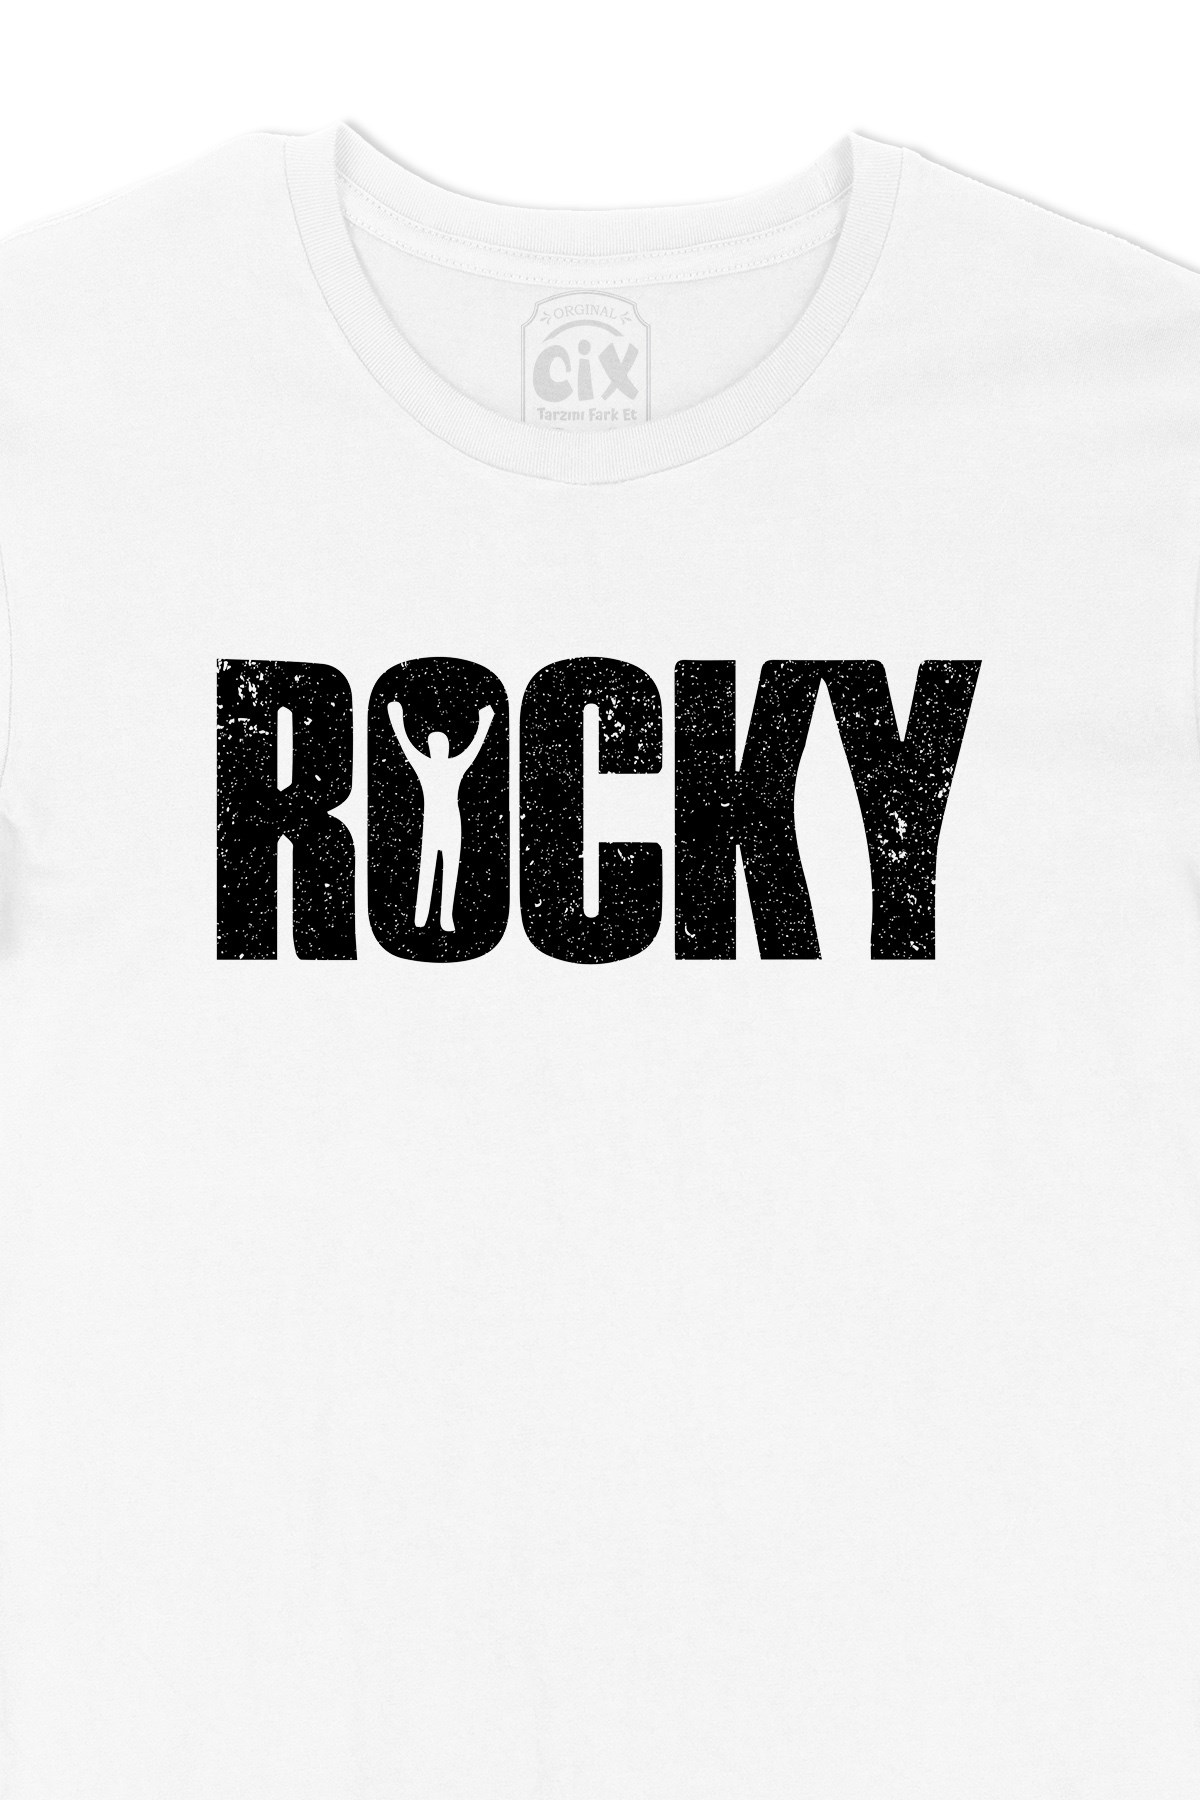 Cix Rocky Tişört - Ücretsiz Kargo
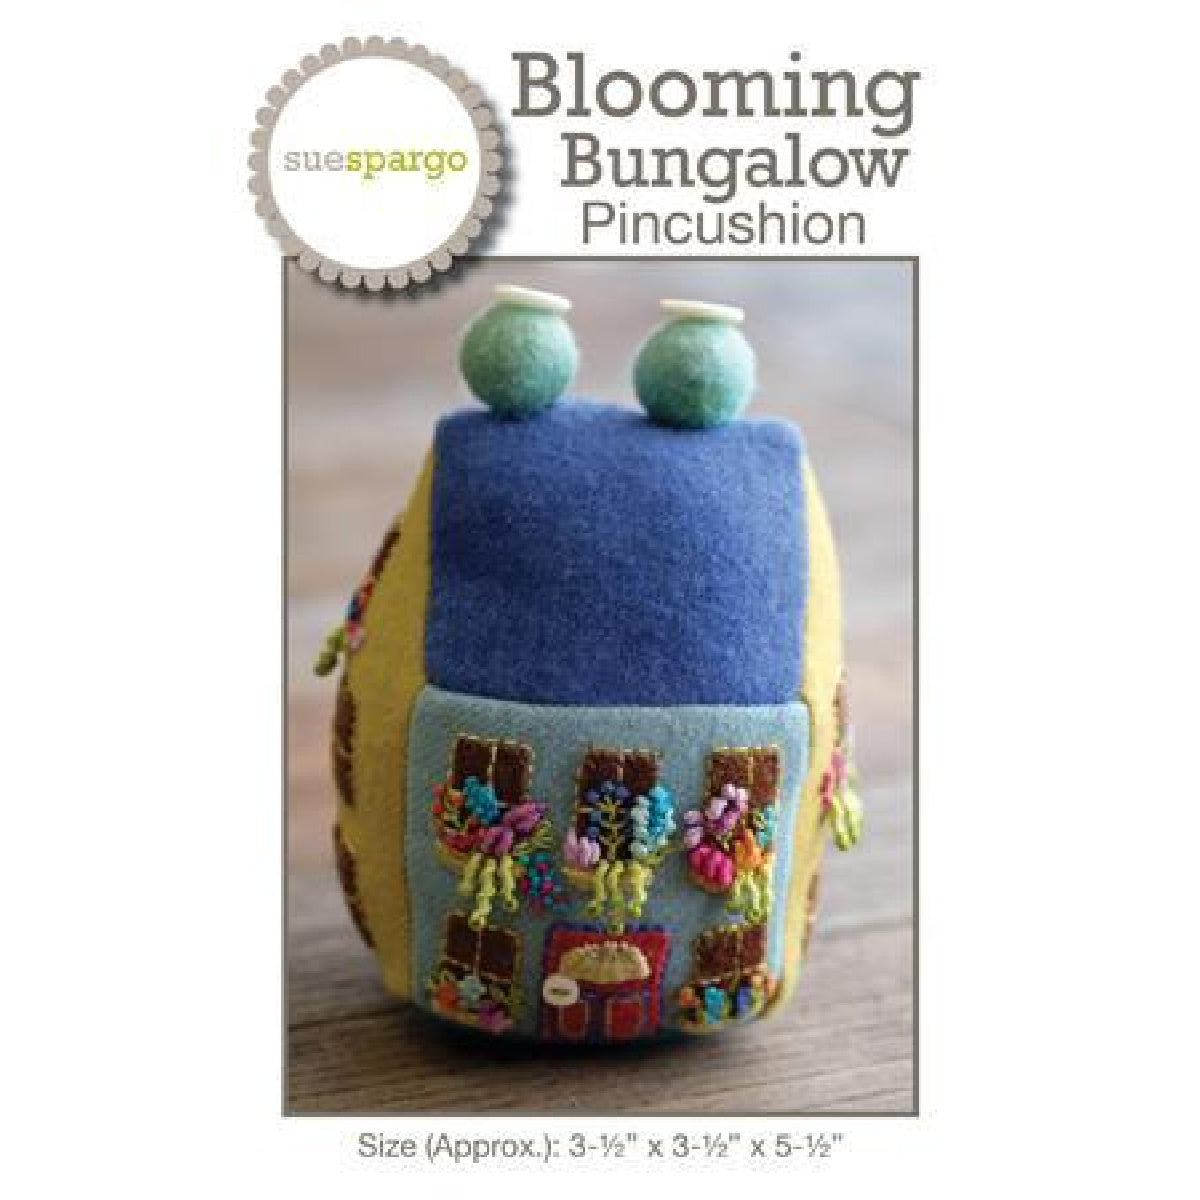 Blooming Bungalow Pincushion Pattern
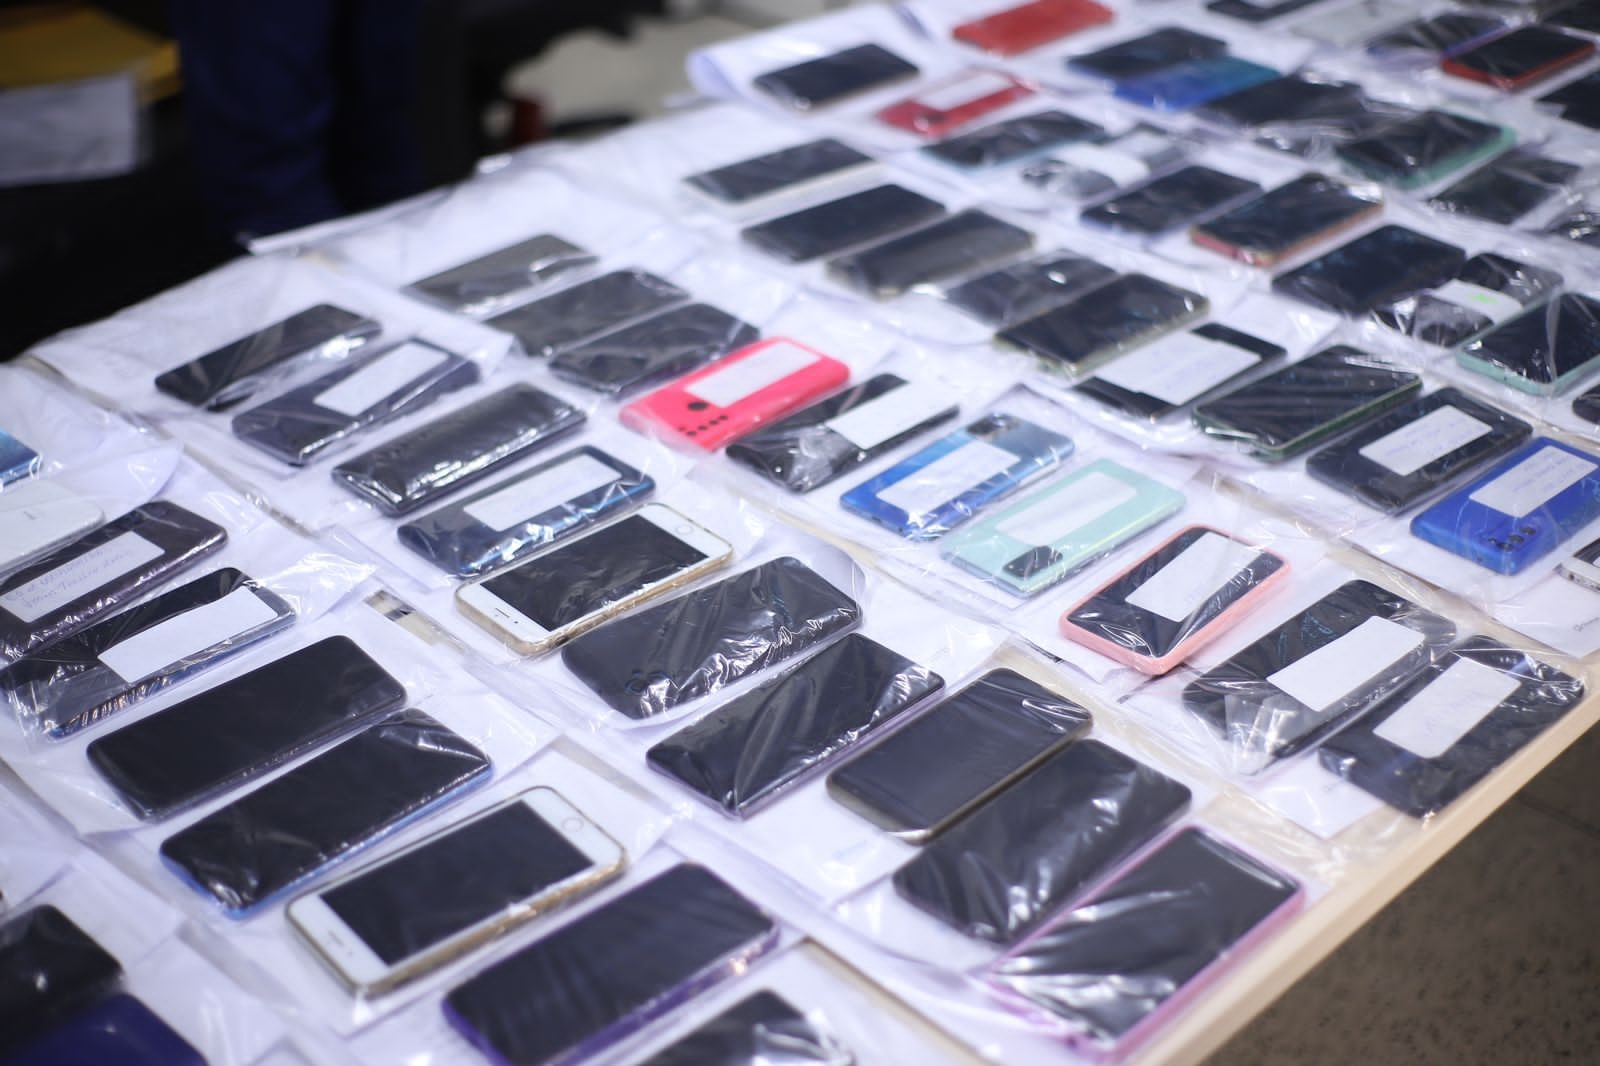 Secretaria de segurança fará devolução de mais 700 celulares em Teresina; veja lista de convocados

■ ■ ■ ■ ■

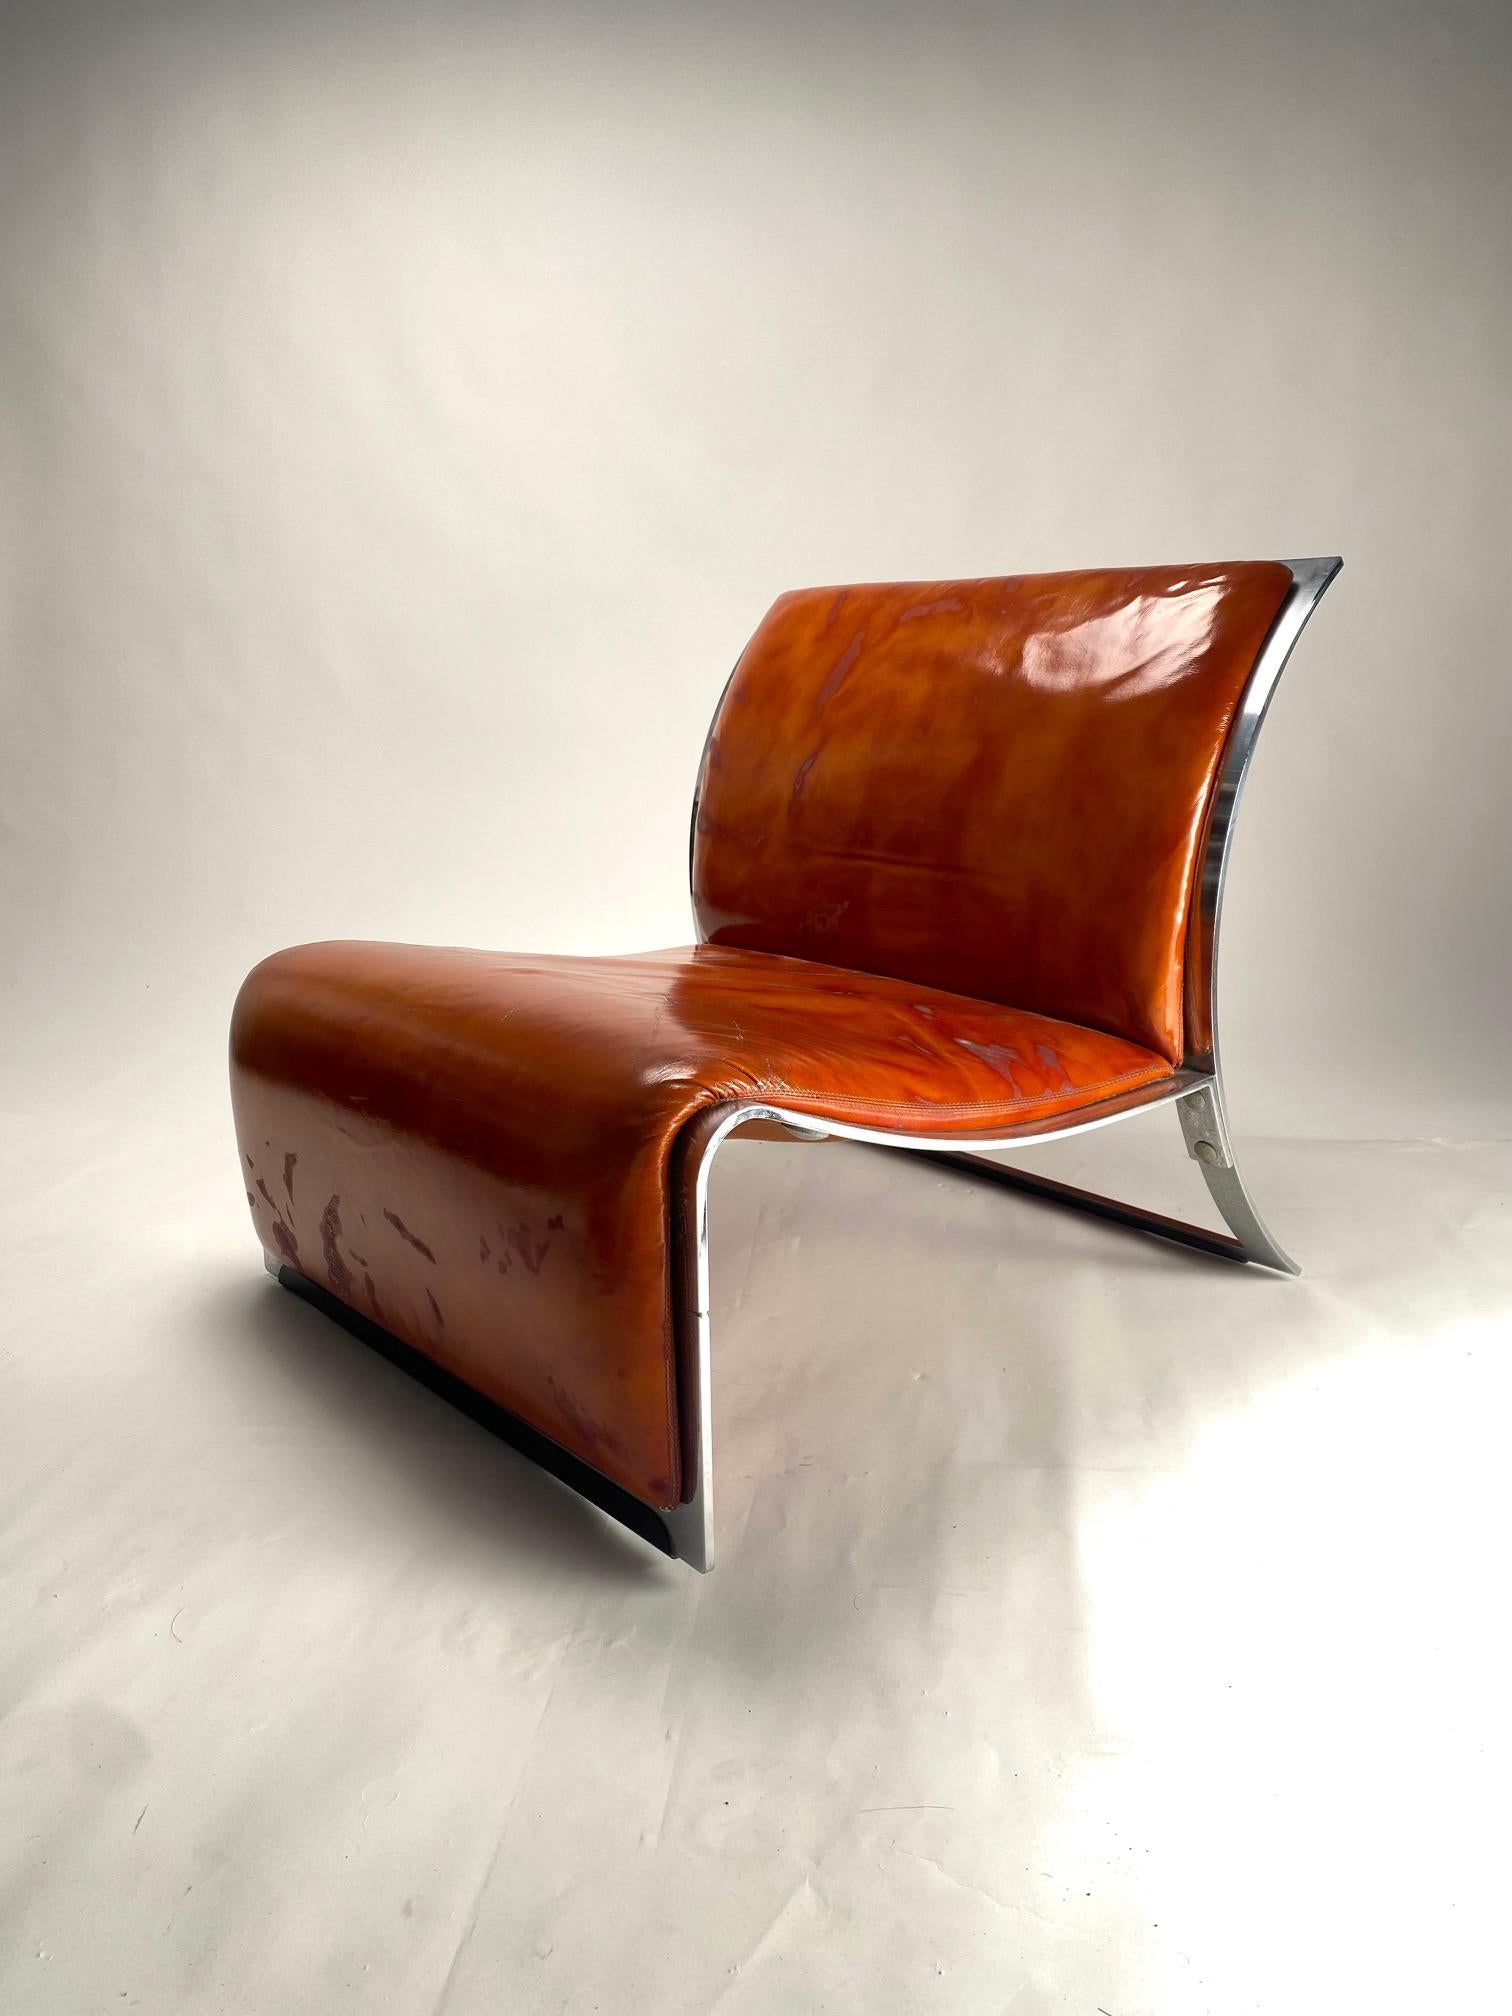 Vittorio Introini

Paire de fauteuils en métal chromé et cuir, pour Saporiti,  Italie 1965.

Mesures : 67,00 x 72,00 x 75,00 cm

■ ■ ■ ■ ■

Line for line, output the entries above from the line with "Vittorio Introini" to the line with "Mesures : 67,00 x 72,00 x 75,00 cm", both included, and nothing more. Skip pictures.

Exercise response
 Vittorio Introini

Paire de fauteuils en métal chromé et cuir, pour Saporiti,  Italie 1965.

Mesures : 67,00 x 72,00 x 75,00 cm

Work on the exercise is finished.